= DATA BELOW =
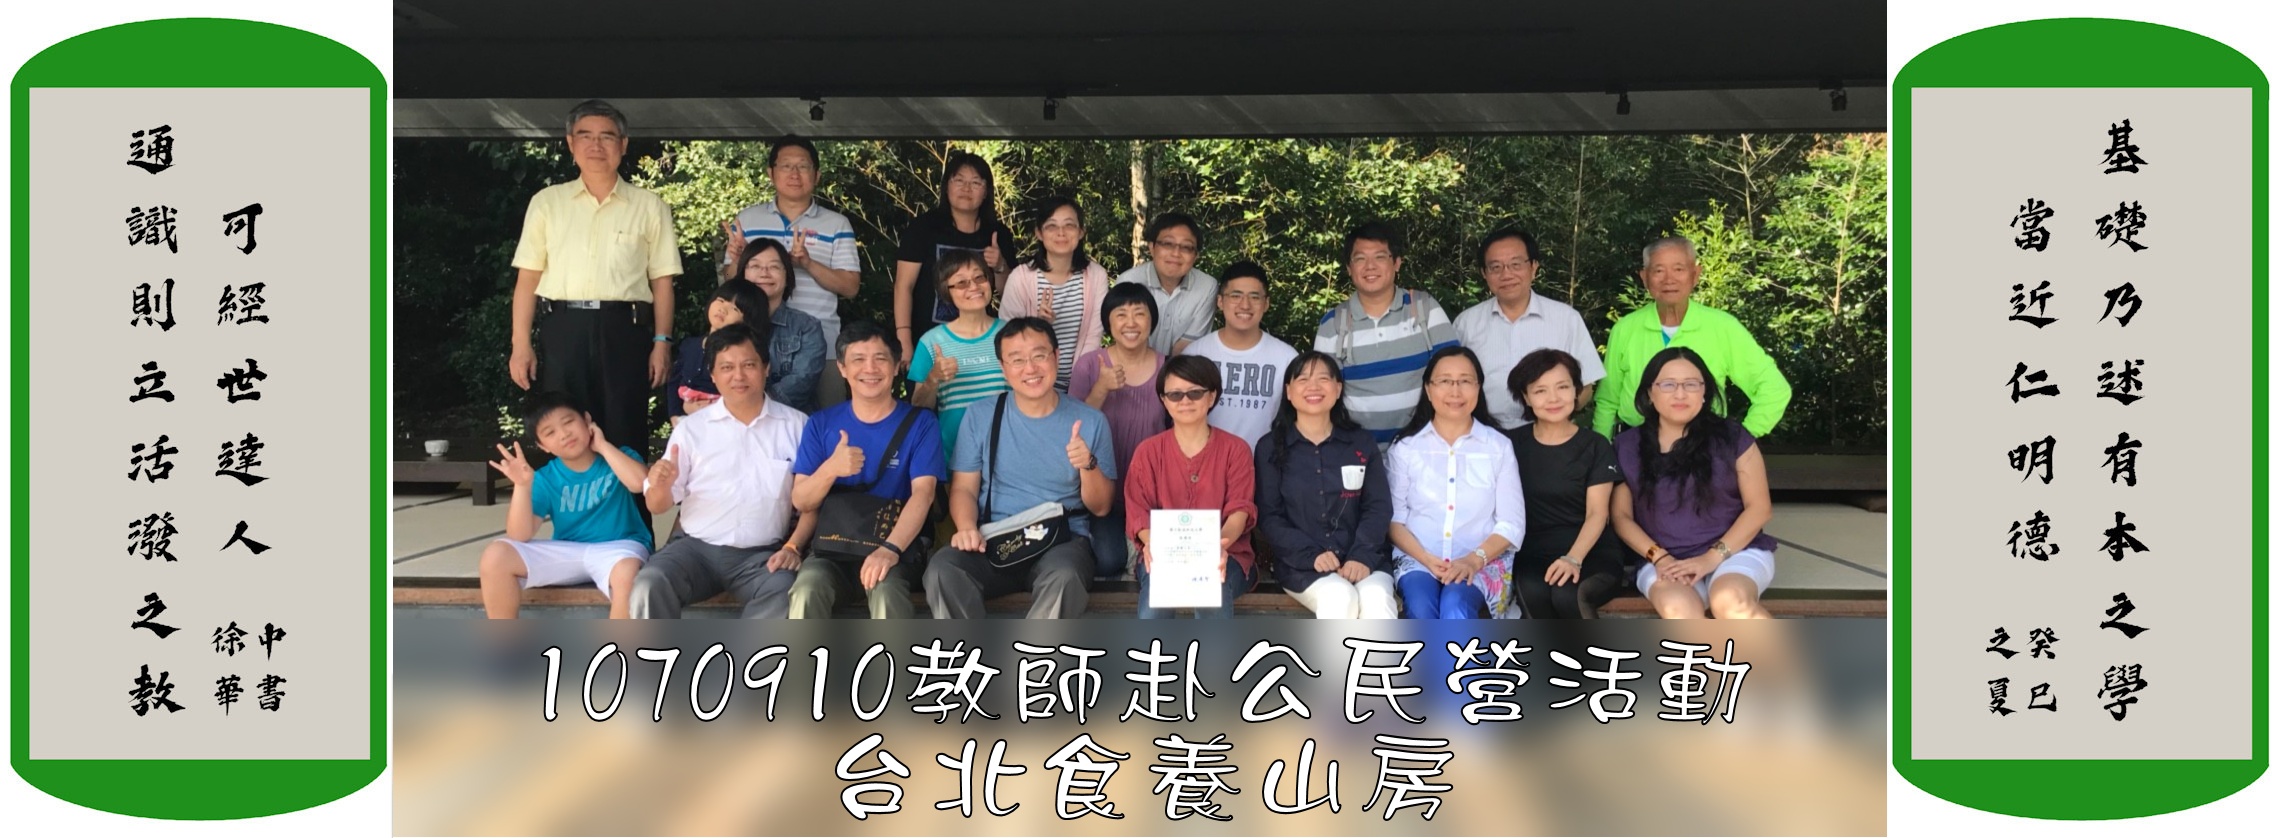 1070910教師赴公民營活動台北食養山房
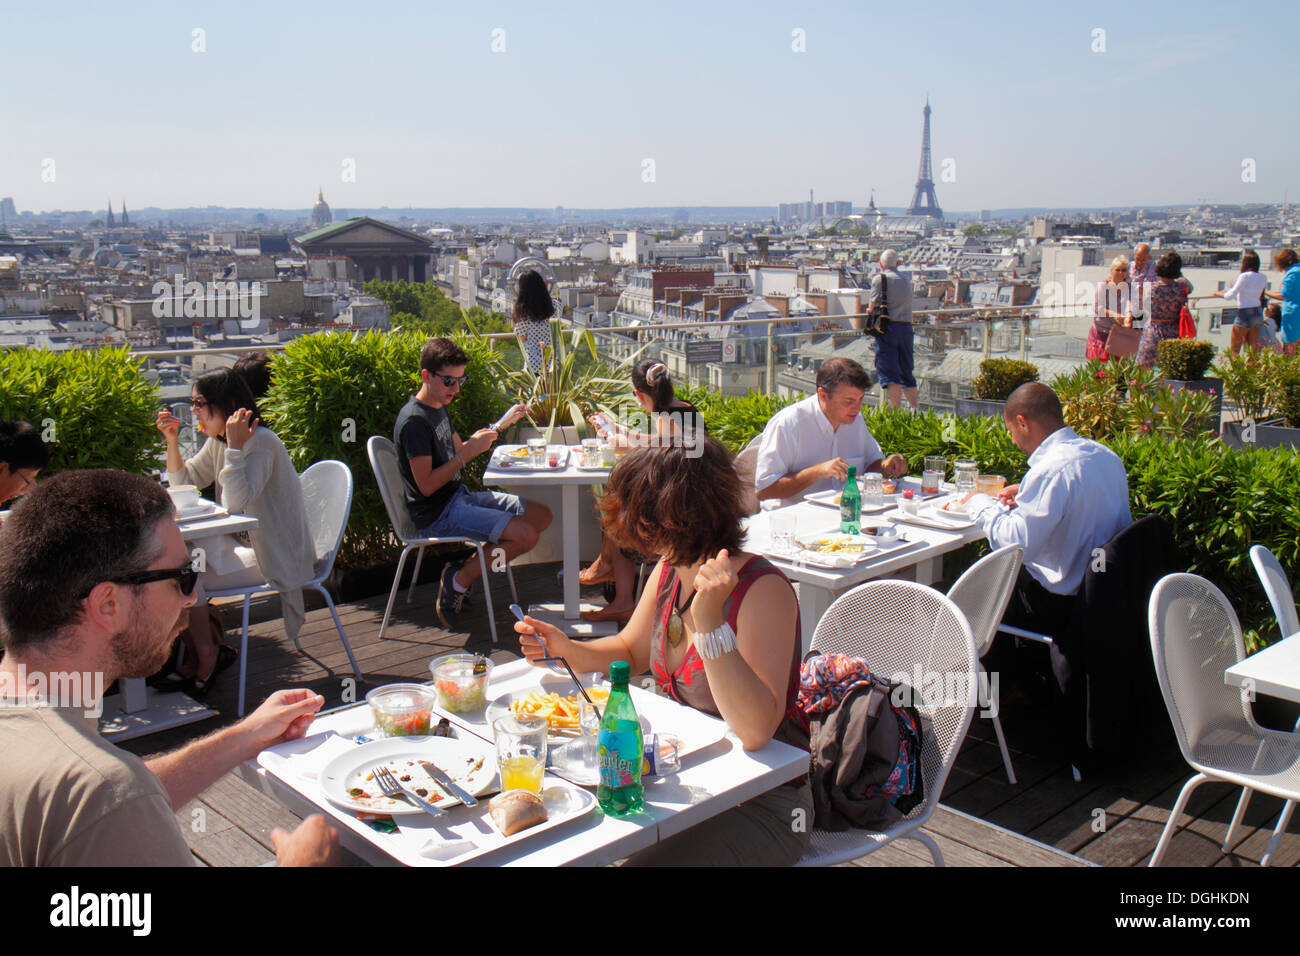 Paris France,9th arrondissement,Boulevard Haussmann,Au Printemps,department store,rooftop terrace,city skyline view,Le Déli-Cieux,restaurant restauran Stock Photo
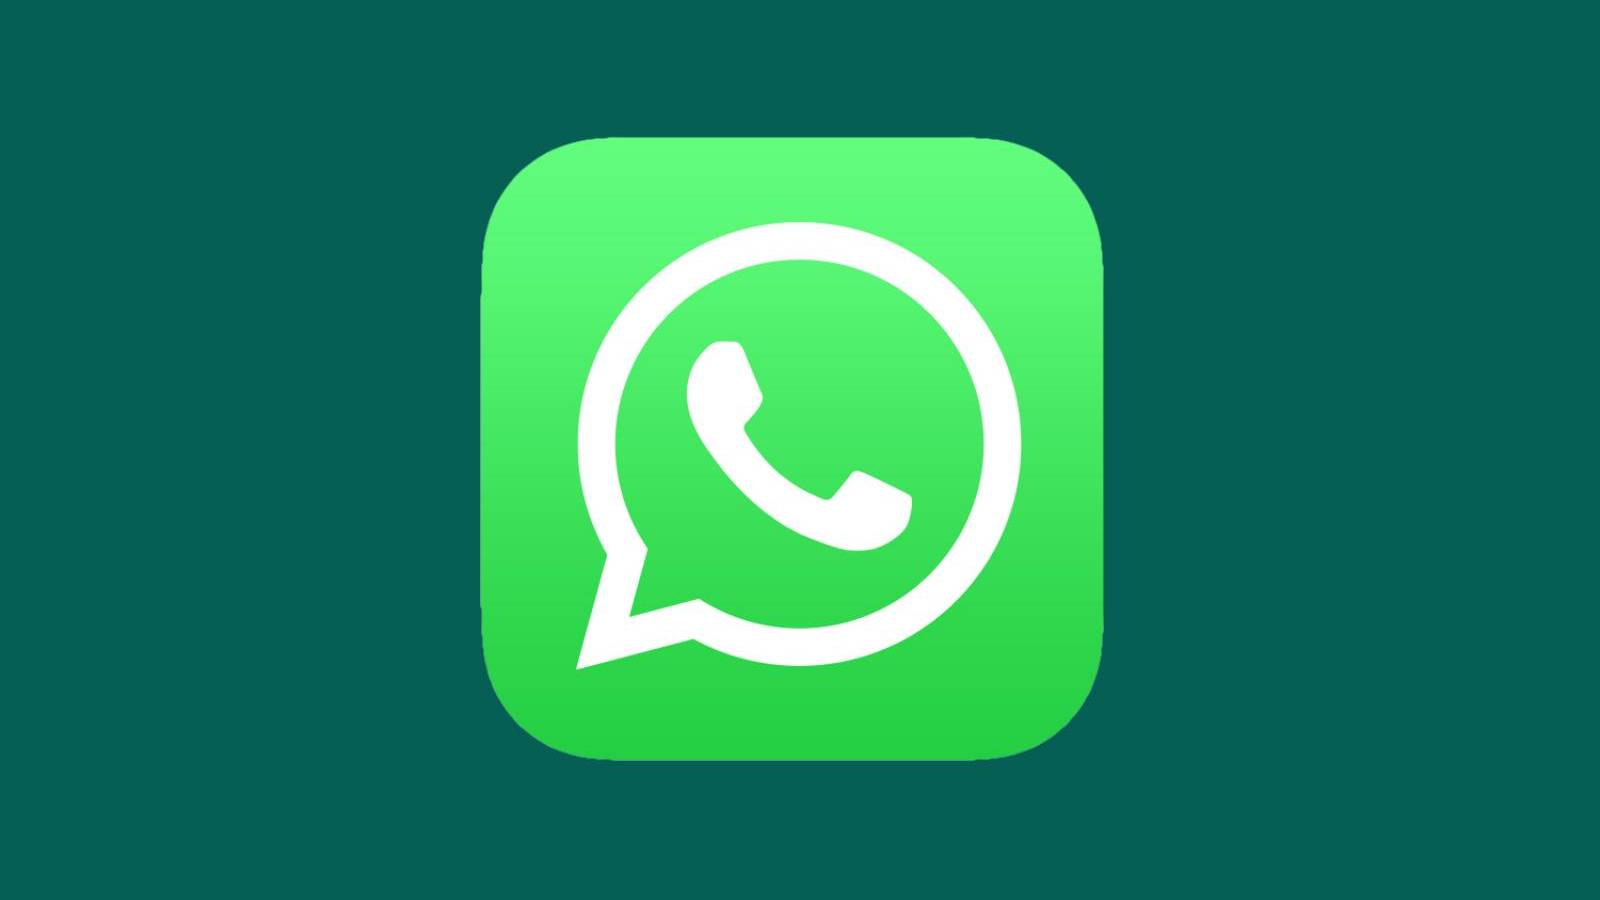 Confirmación OFICIAL de WhatsApp de nuevos cambios en iPhone y Android

= ASSIGNMENT =
Write out the lines of the material from the one containing "Paris France,9th arrondissement,Boulevard" through the last, exactly and only those. Leave every picture out.

= ANSWER SECTION =
 Paris France,9th arrondissement,Boulevard Haussmann,Au Printemps,department store,rooftop terrace,city skyline view,Le Déli-Cieux,restaurant restauran Stock Photo
 Confirmación OFICIAL de WhatsApp de nuevos cambios en iPhone y Android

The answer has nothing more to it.